В то время как служанки, обрадованные его прибытием, занялись своими делами, Чандрапрабха удалилась с Шактидевой в спальный покой и сказала: «Та царевна Канакарекха, которую ты, счастливец, видел в Вардхаманапуре, моя сестра, и зовут ее Чандрарекха. Дочь повелителя рыбаков Биндумати, с которой ты прежде на острове Утстхала свадьбу справил, сестра моя Шаширекха, а царевна Биндурекха, что стала твоей женой, после того как ее похитил дайтья, моя младшая сестра Шашипрабха. Теперь пойдем к нашему отцу, и он повенчает всех нас с тобой».
И вот по слову мудрой Чандрапрабхи, словно по повелению бога с цветочными стрелами[665], немедля Шактидева со всеми четырьмя сестрами отправился к их отцу. А тот, выслушав от склонившихся перед ним дочерей обо всем случившемся, по велению голоса с небес отдал их в жены Шактидеве, а его самого поставил царем в Канакапури, передал ему все свои богатства и знания и дал ему имя, которым стали называть его видьядхары, — Шактивега. «Никто тебя не победит, ибо будешь ты обладать несокрушимой силой. Но ты должен будешь преклониться перед Нараваханадаттой, сыном повелителя ватсов, нашим будущим верховным правителем». Дав такое наставление, могучий властитель видьядхар Шашикханда удалился в отшельническую обитель, покинув столицу и свою землю. Шактивега же, став царем, вступил со своими женами в город Канакапури — знамя всего царства видьядхар.
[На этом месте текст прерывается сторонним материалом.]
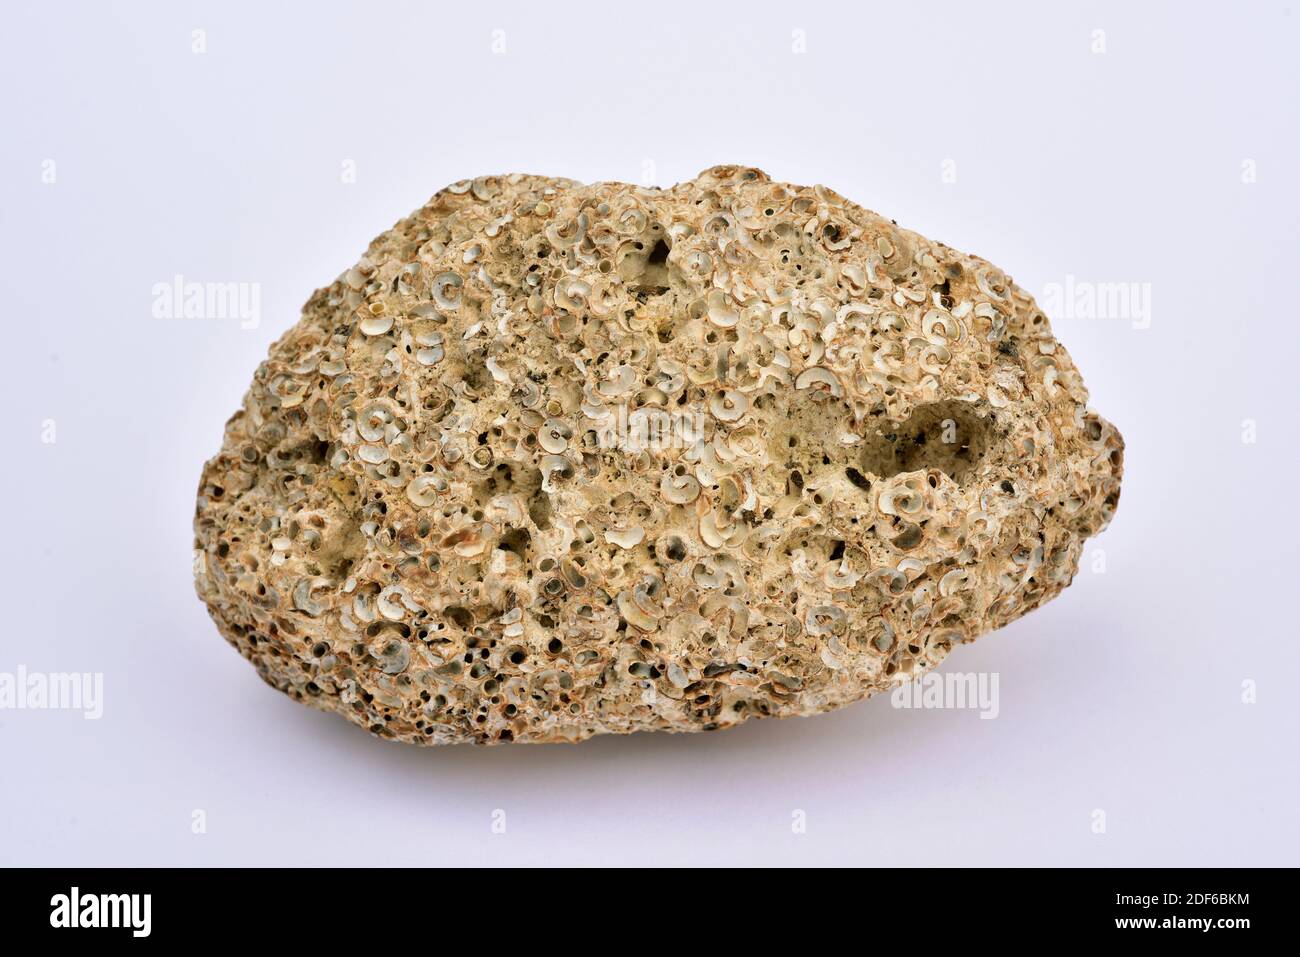 Bioerosione di una roccia calcarea per molluschi e vermi polichaete. La bioerosione è un processo chimico causato da organismi viventi. Il campione proviene da Foto Stock

С тех пор счастливо жил Шактивега с четырьмя своими супругами, кокетливо бросающими на него взоры, в Канакапури, славном своими храмами, блистающими золотой отделкой, проводя время в радующих сердце садах, где спуски к водоемам украшены ступенями, усыпанными жемчугами и другими драгоценными камнями».
Рассказав о своей занимательной жизни, Шактивега обратился к повелителю ватсов с такими словами: «О властитель ватсов, украшение лунной династии![666]. Знай, что хотелось мне посмотреть на твоего сына, будущего нашего повелителя! Был человеком я, но по милости Шивы, сокрушителя городов, стал я видьядхарой. Нынче ухожу я, царь, домой, повидав своего будущего господина. Да сопутствует ему всегда и во всем счастье!»
Произнеся это, сложил Шактивега почтительно руки и после того как получил разрешение удалиться, силой магии улетел, пожелав повелителю ватсов с царицами, наследником и министрами счастливой жизни.
Вот третья волна книги «Четыре девушки» в «Океане сказаний» великого поэта Сомадевы.
Пятая книга по названию «Четыре девушки» окончена.